Source material>
__________________________________________________
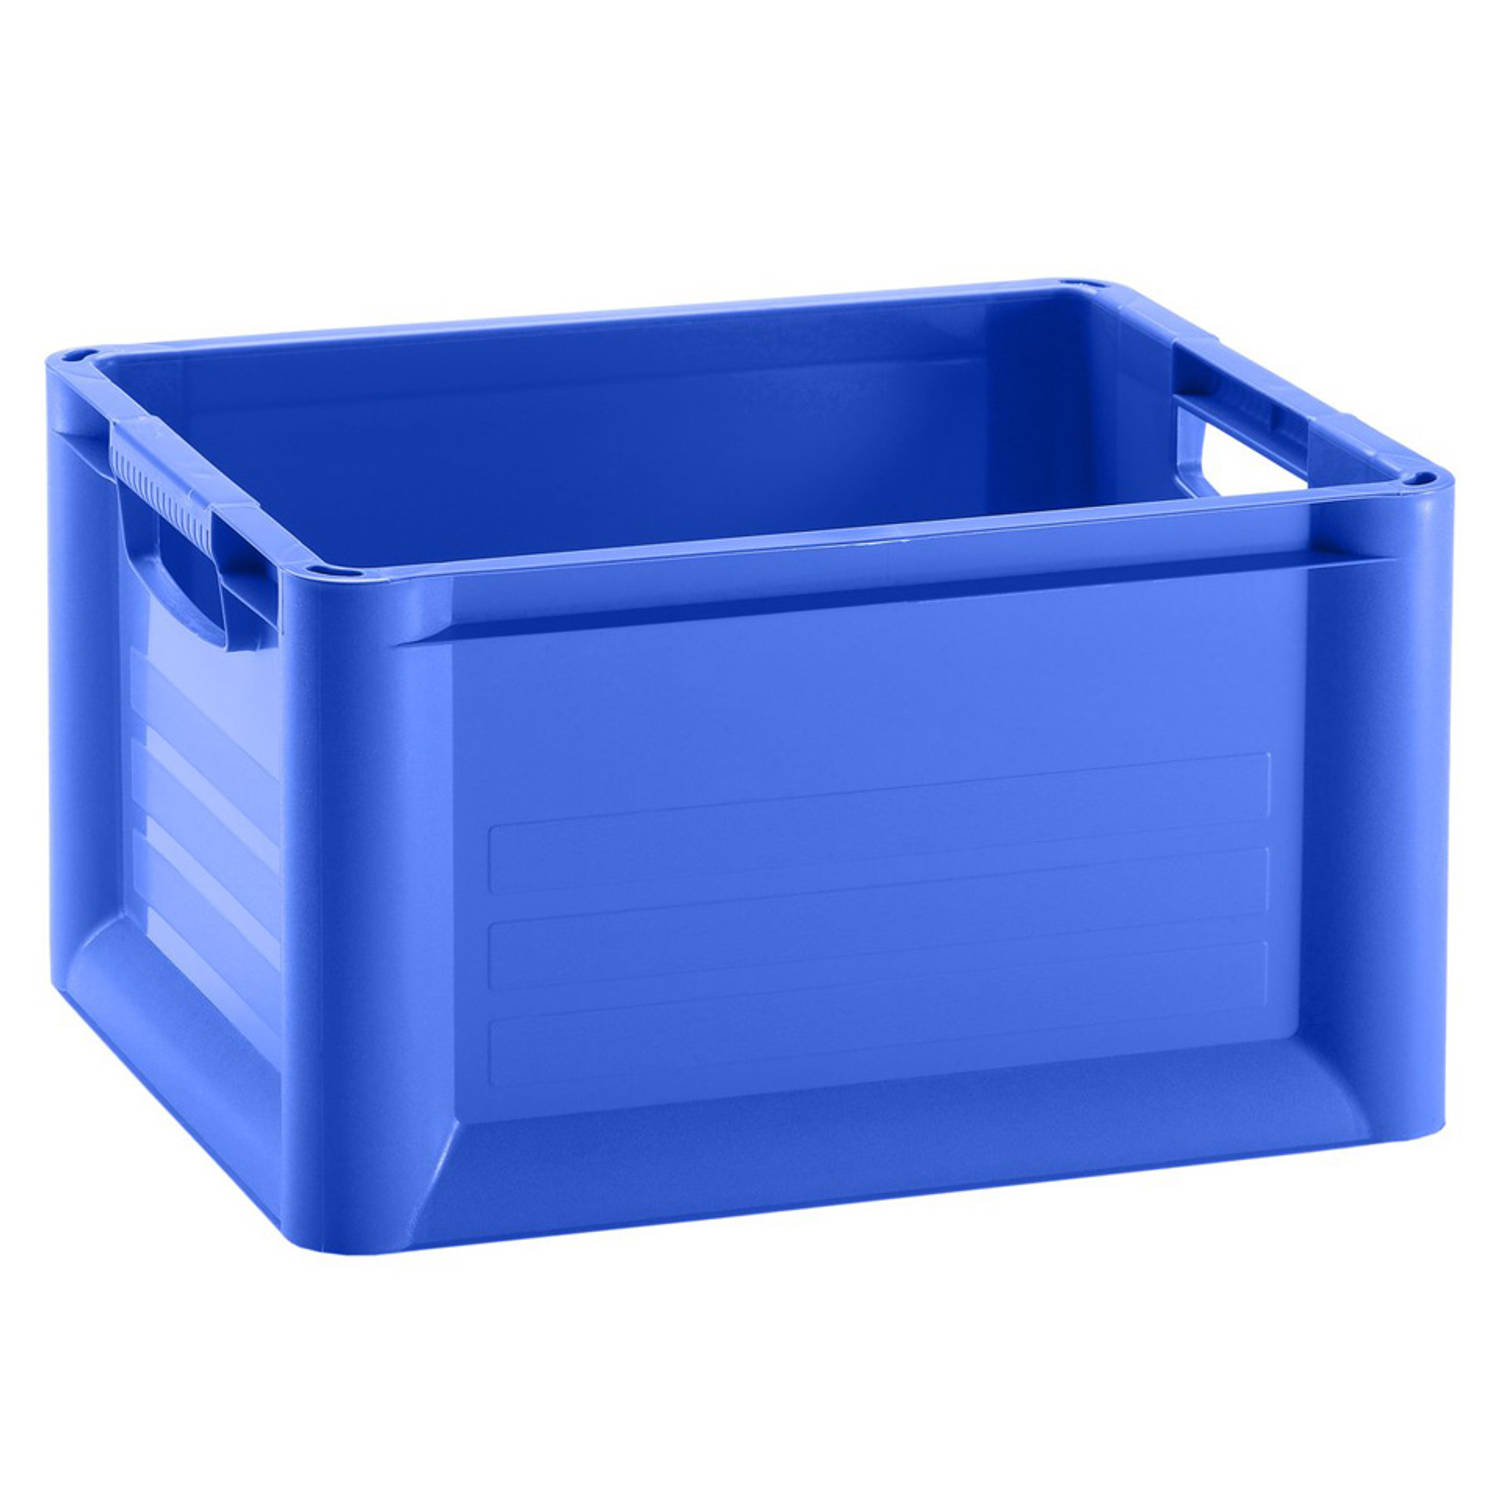 Blind vertrouwen Politiek Fabel Curver Unibox 2nd Generation opbergbox 30 liter - blauw | Blokker
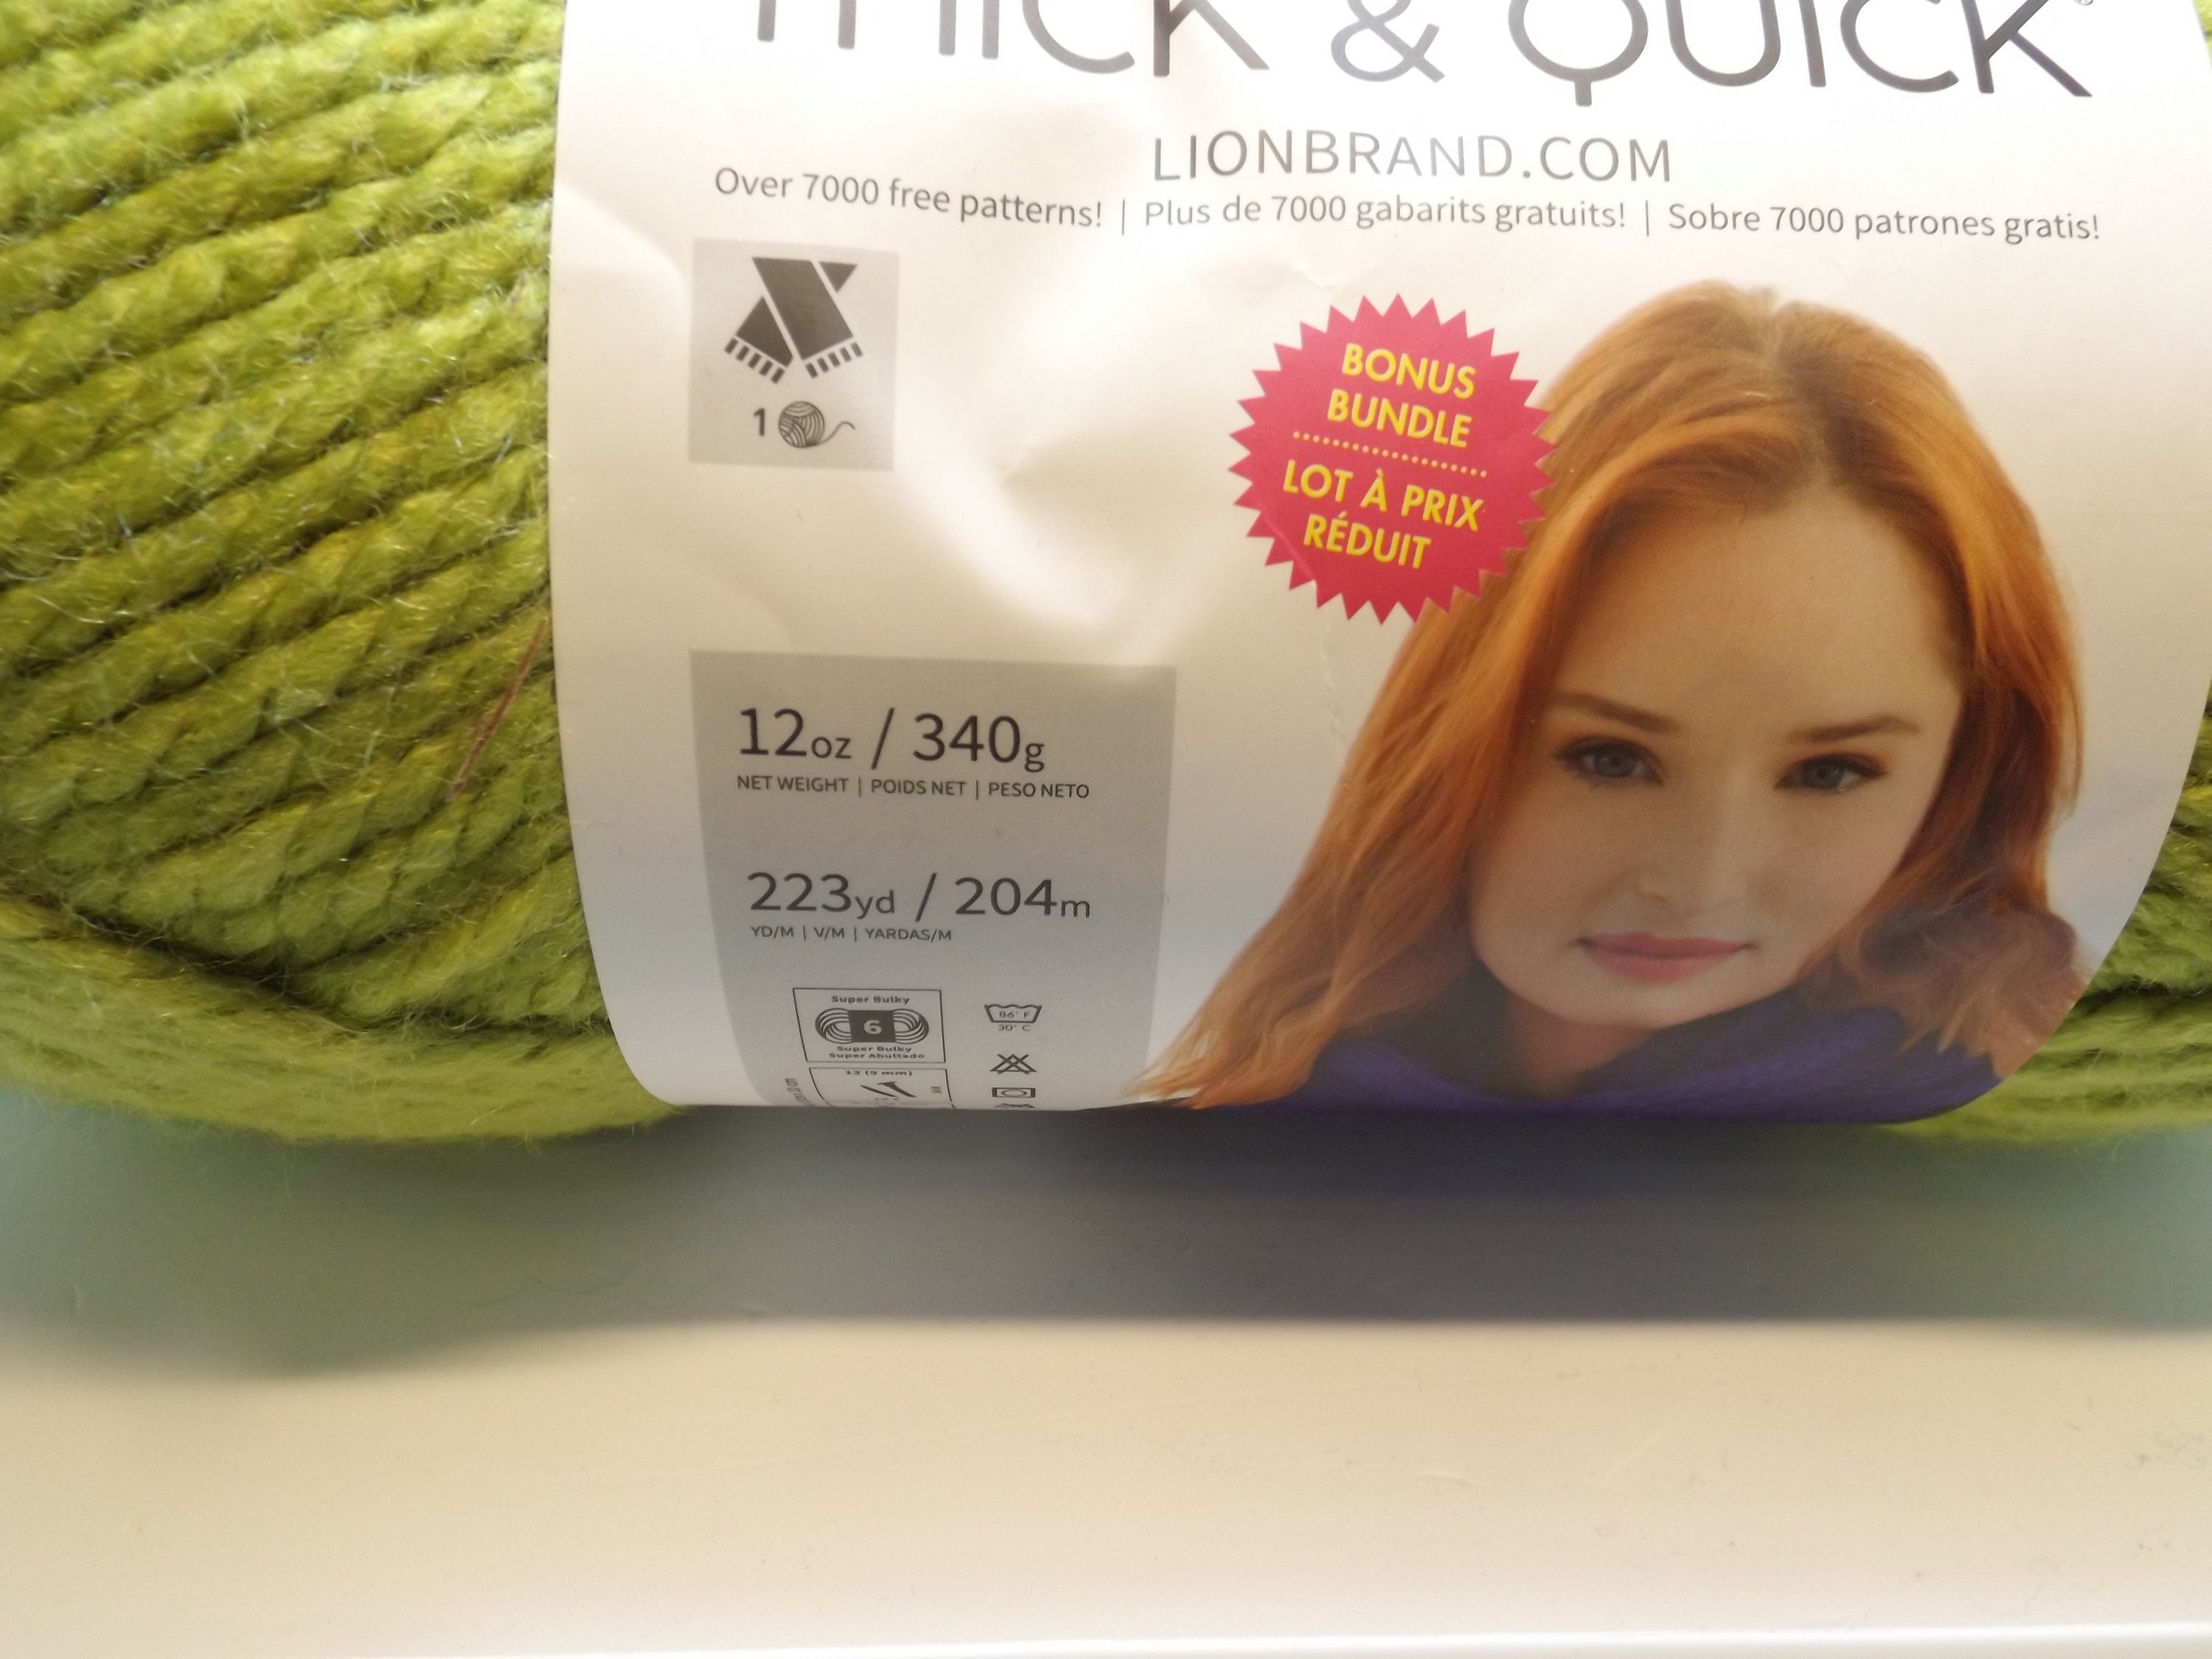 Lion Brand Thick & Quick Bonus Bundle Yarn - Leaf
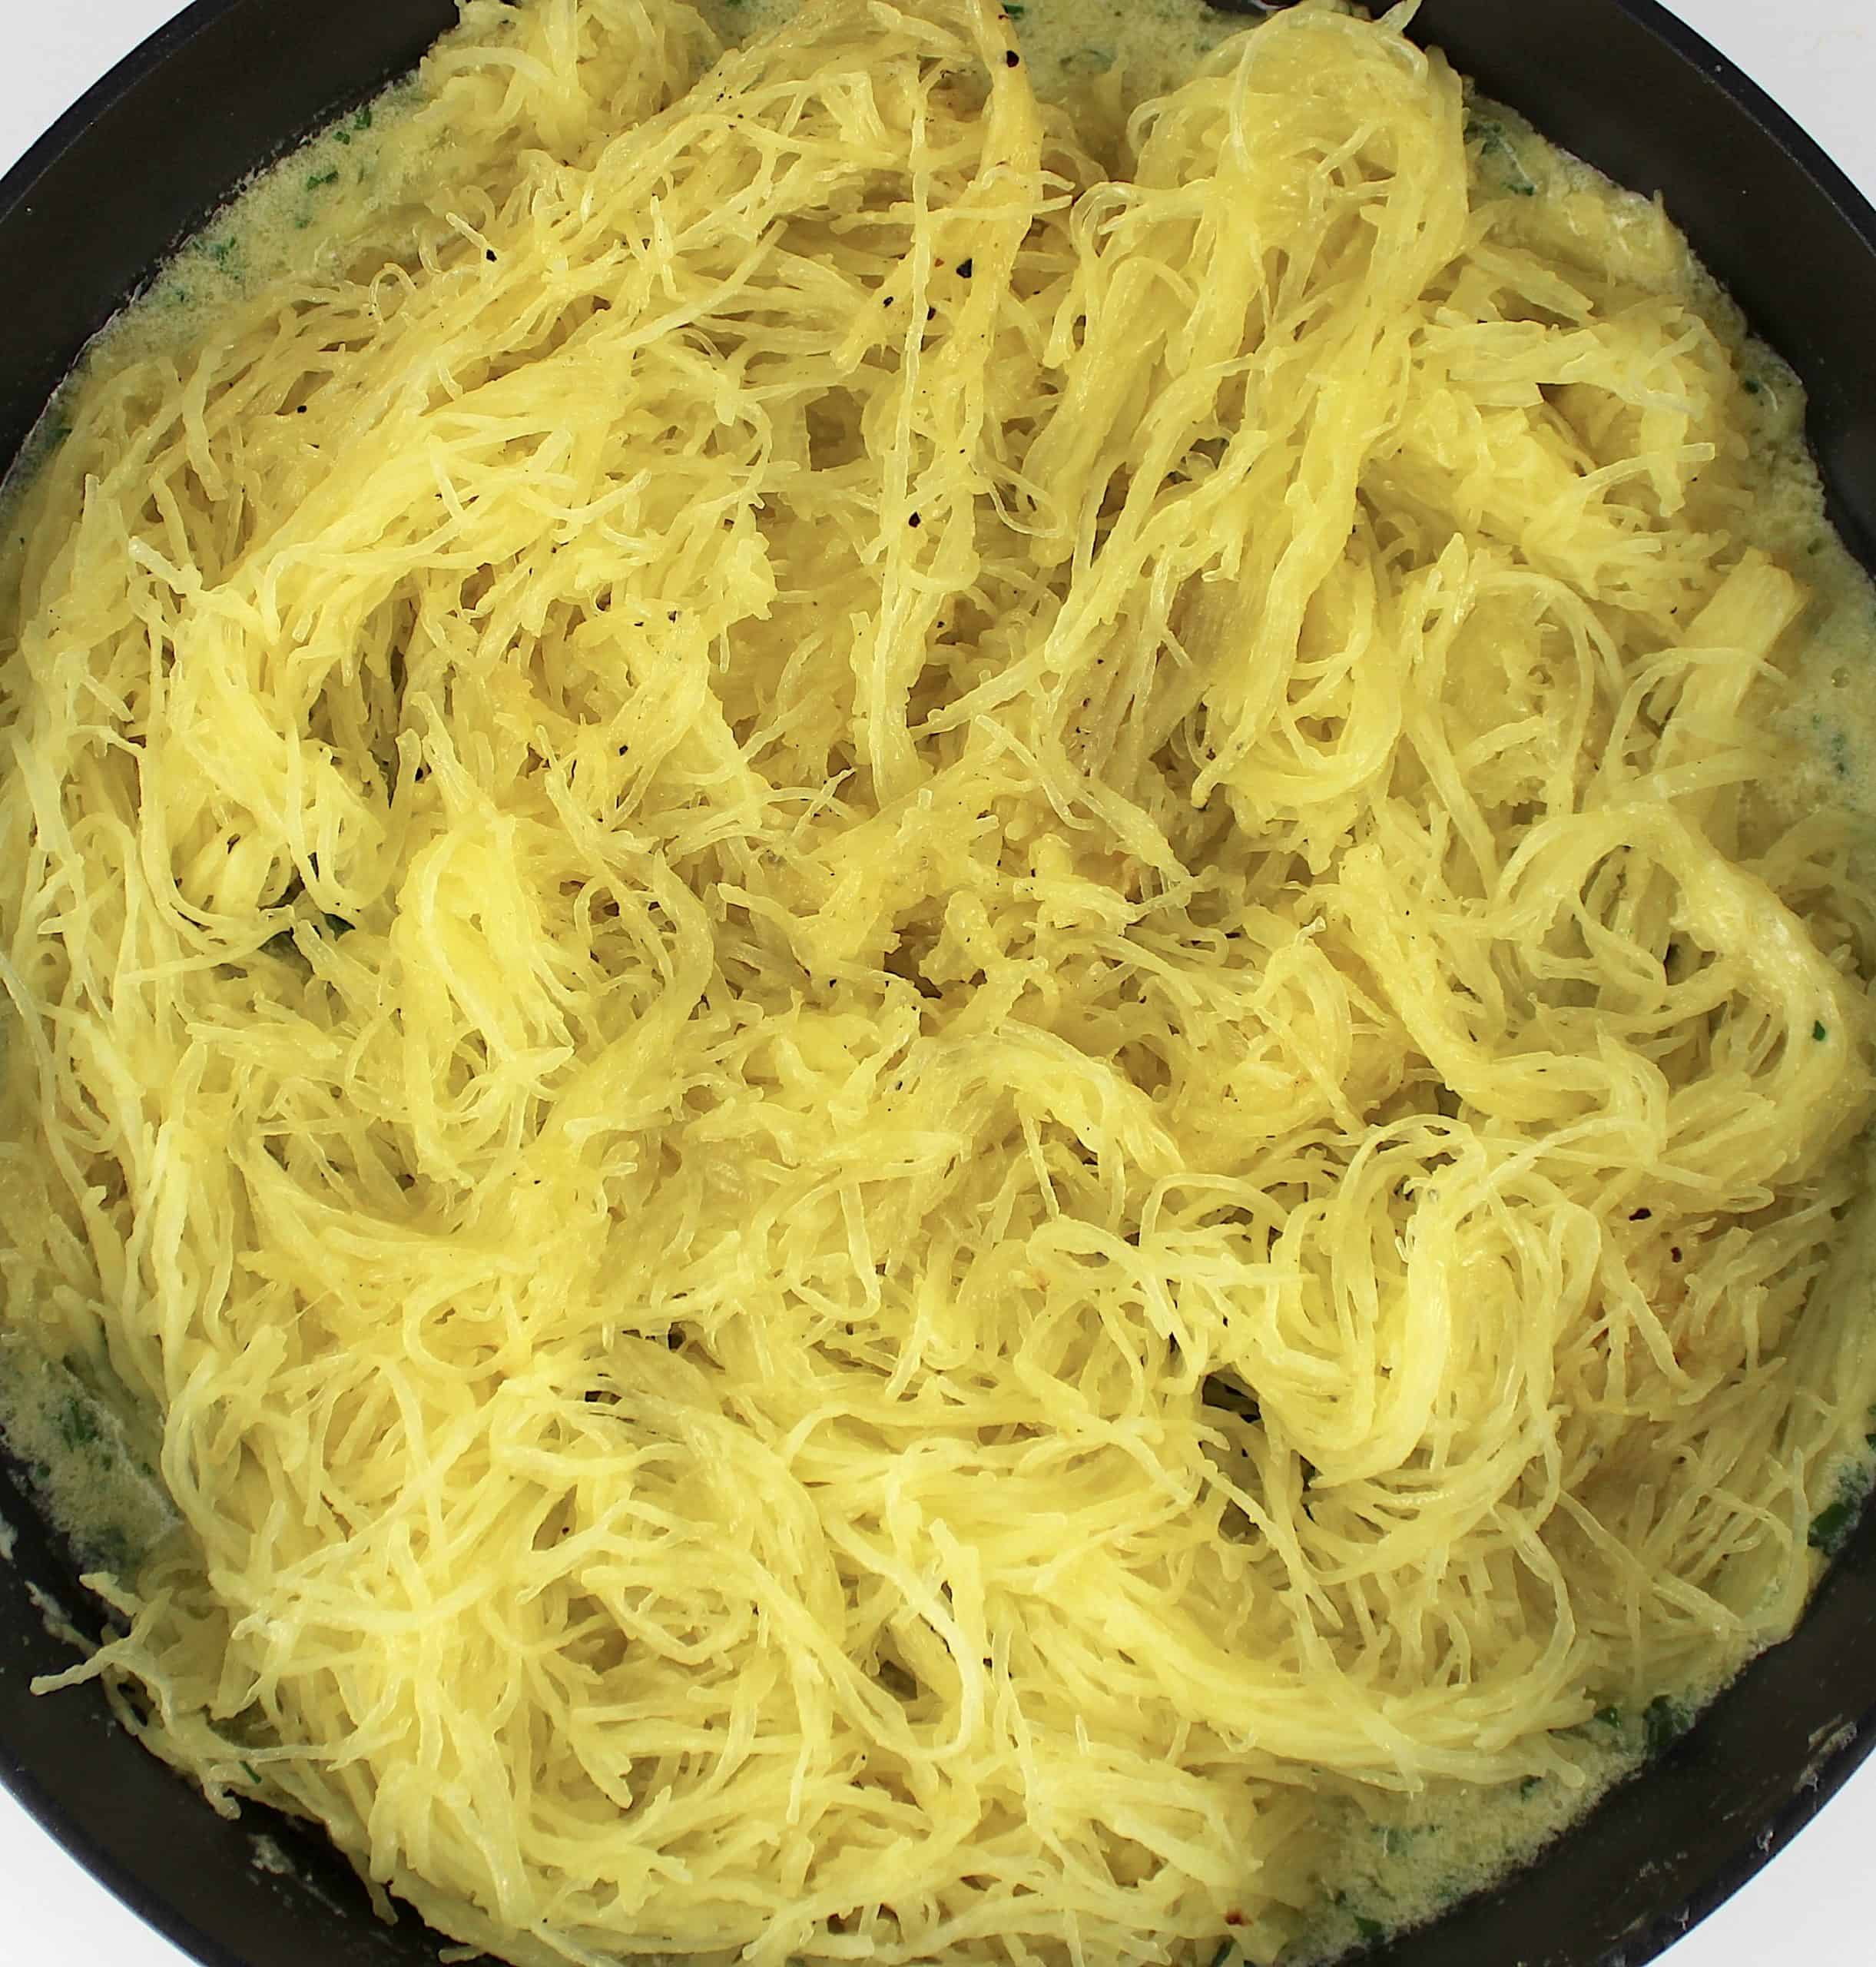 spaghetti squash in butter sauce in skillet
__________________________________________________
Work order> Every line above goes into the copy unchanged; the pictures do not.

Exercise response>
 Blind vertrouwen Politiek Fabel Curver Unibox 2nd Generation opbergbox 30 liter - blauw | Blokker
 Lion Brand Thick & Quick Bonus Bundle Yarn - Leaf
 spaghetti squash in butter sauce in skillet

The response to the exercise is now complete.